THE PROBLEM: Would you repeat the whole listing exactly, pictures excluded?

DATA SEGMENT:
=== Section Start ===
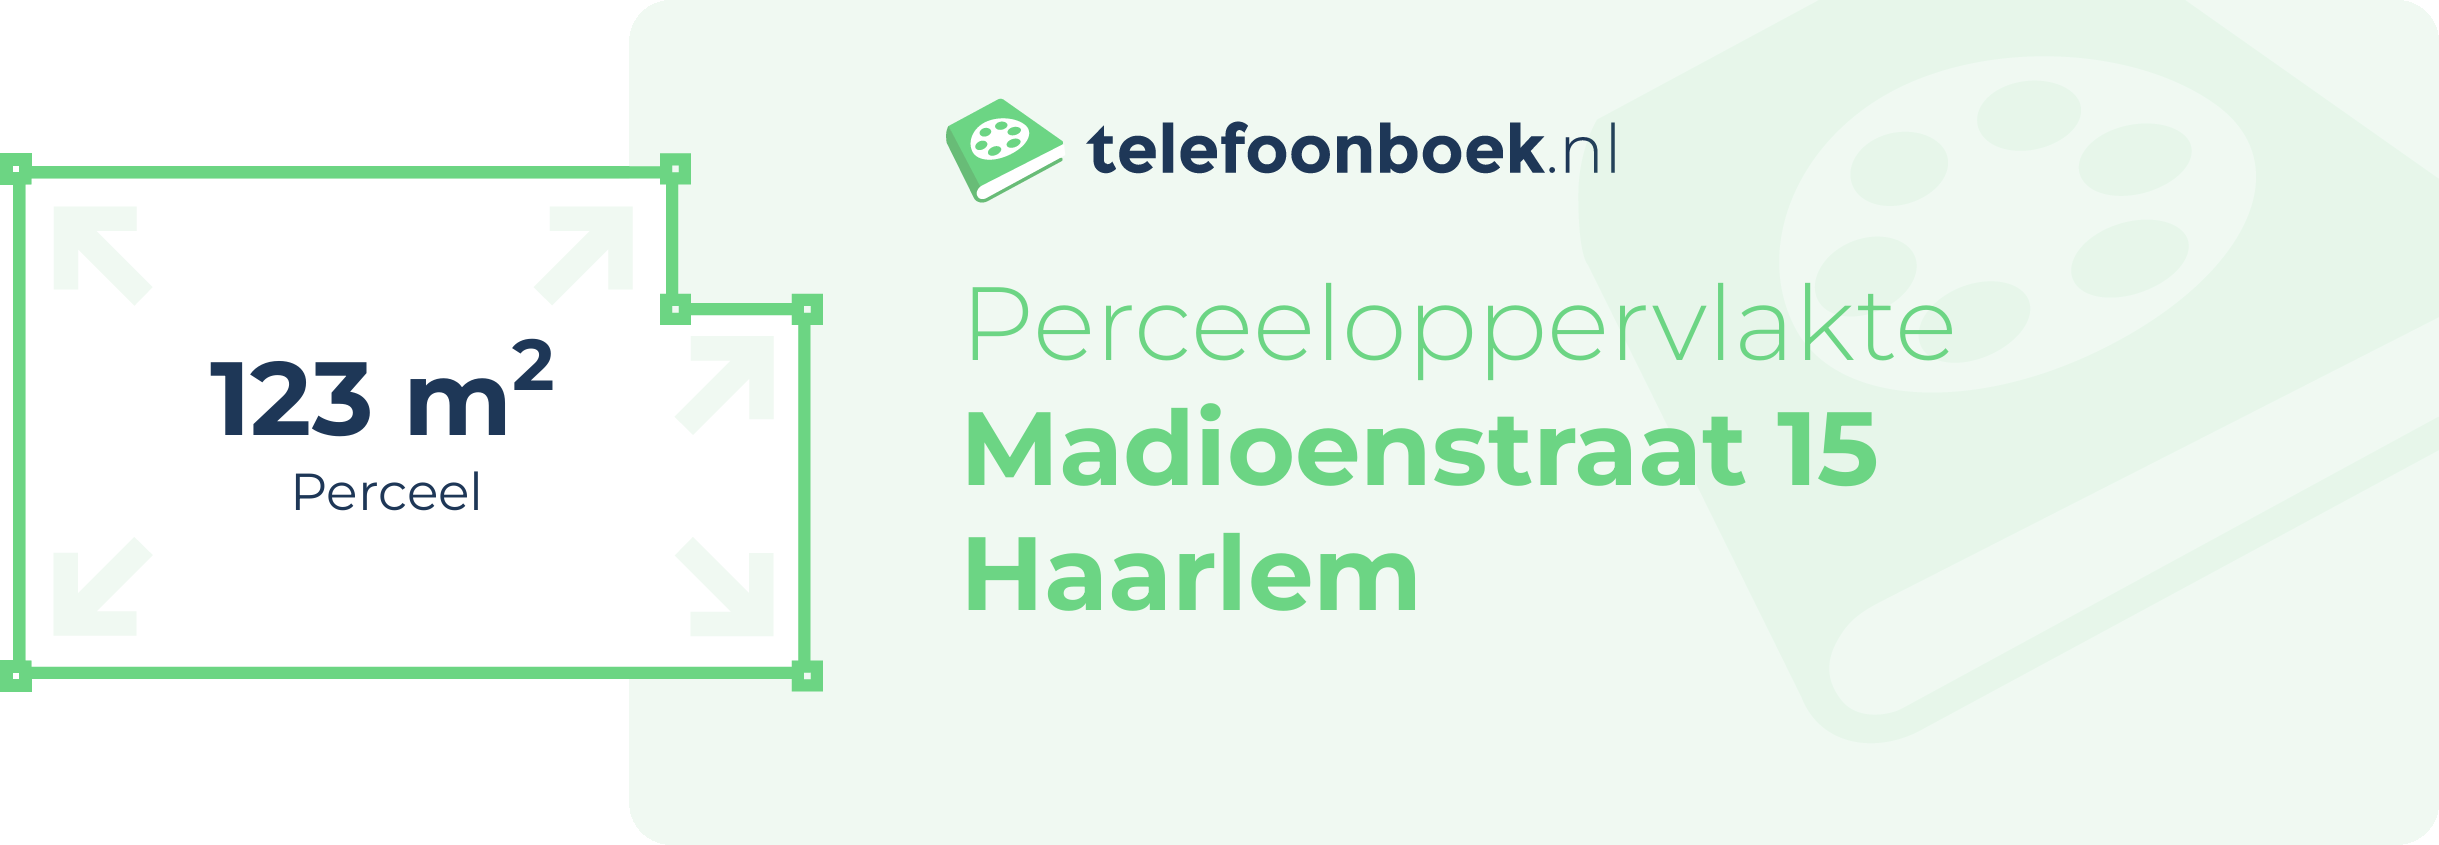 Perceeloppervlakte Madioenstraat 15 Haarlem
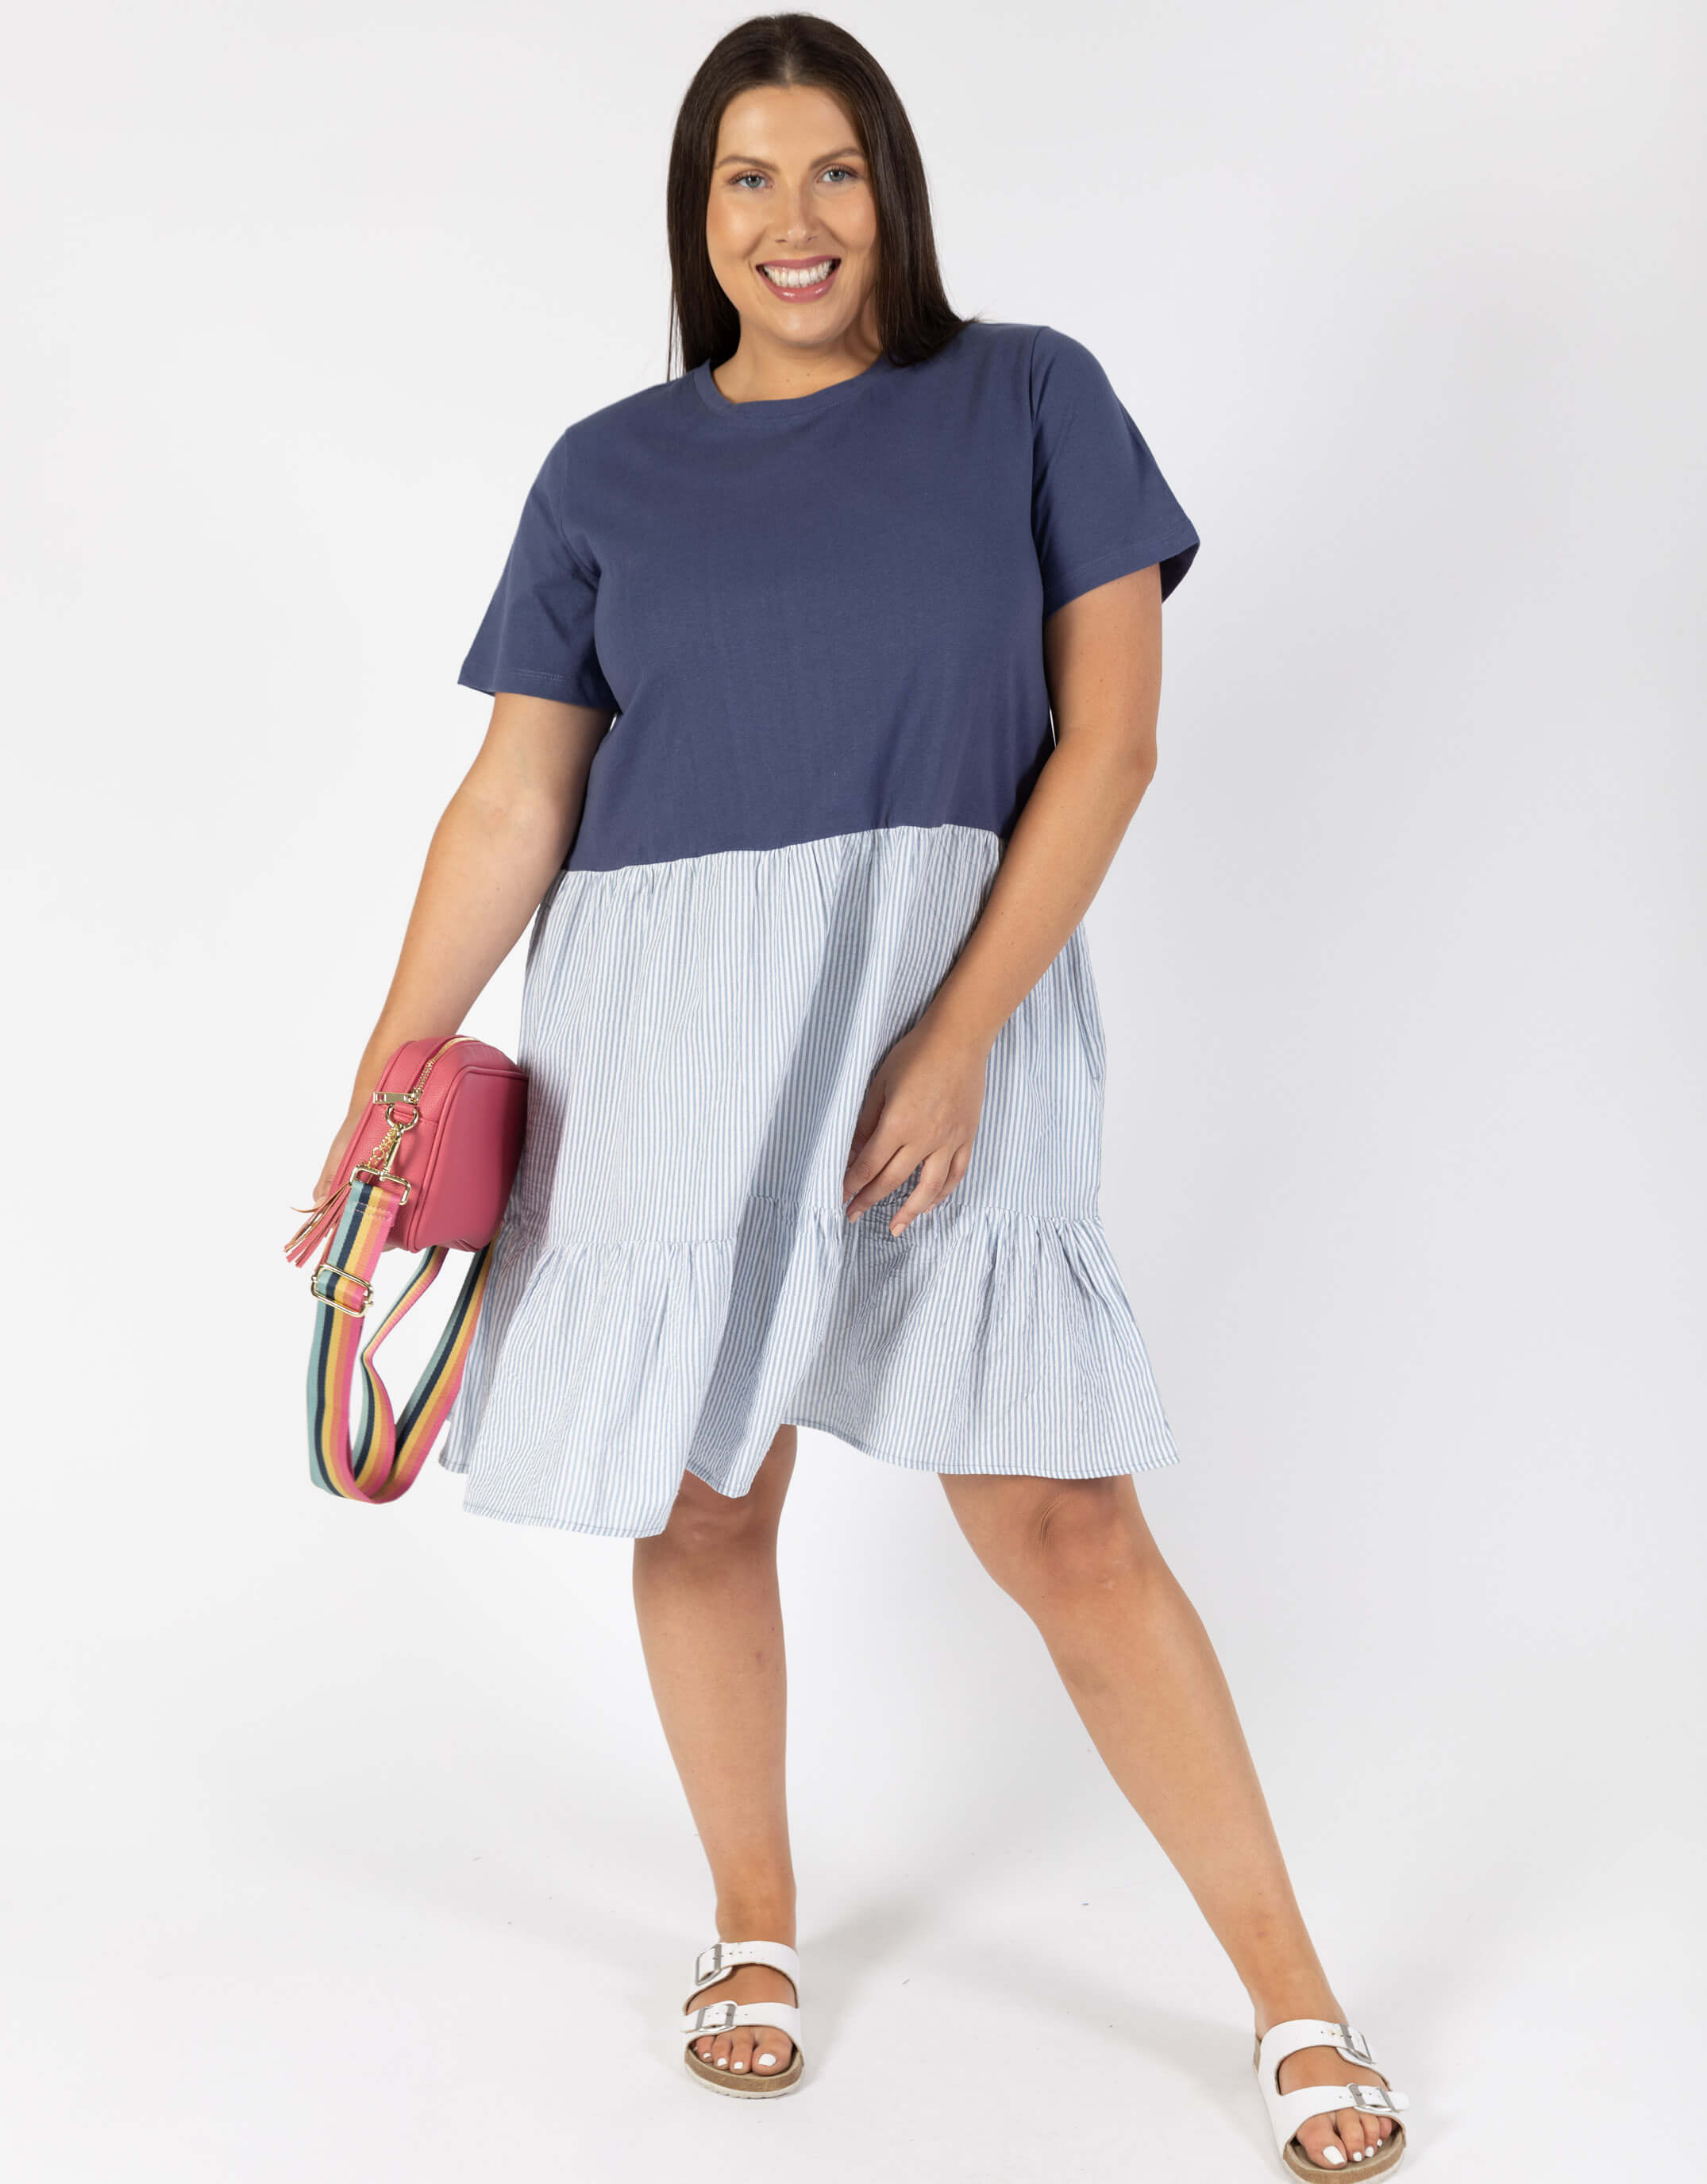 Plus Size Matilda Stripe Dress - Ocean Blue/White Stripe
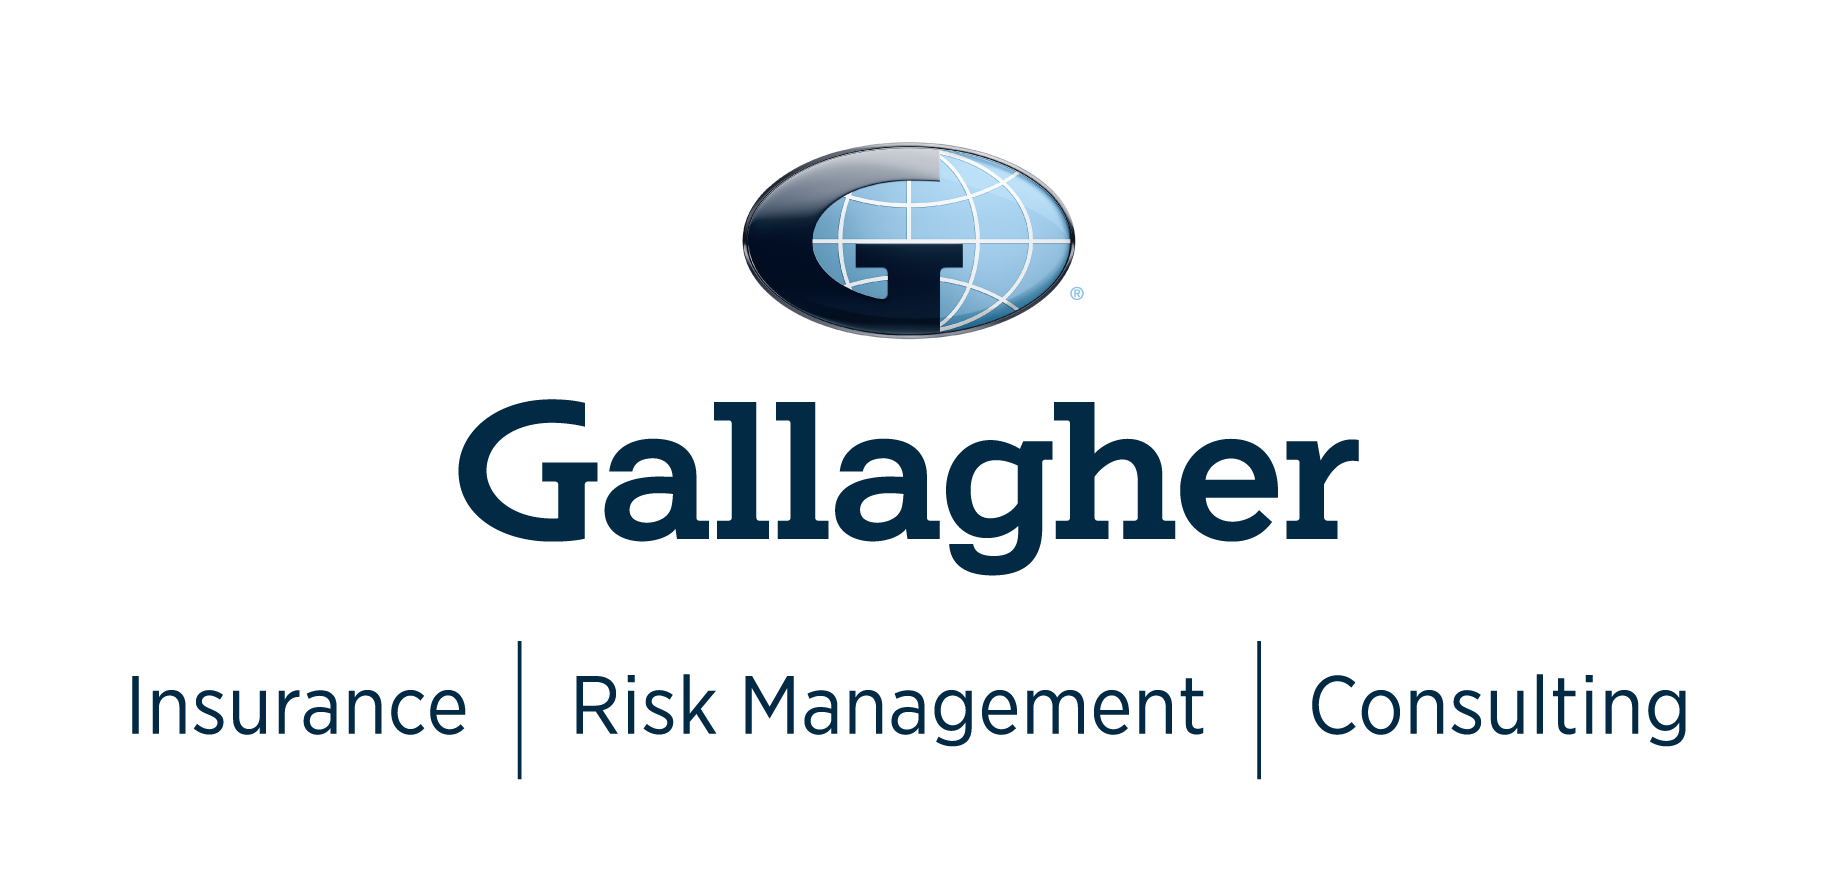 Gallagher Motor Trade Insurance & Risk Management
=== Section End ===
TASK RESPONSE:
 Perceeloppervlakte Madioenstraat 15 Haarlem
 Plus Size Matilda Stripe Dress - Ocean Blue/White Stripe
 Gallagher Motor Trade Insurance & Risk Management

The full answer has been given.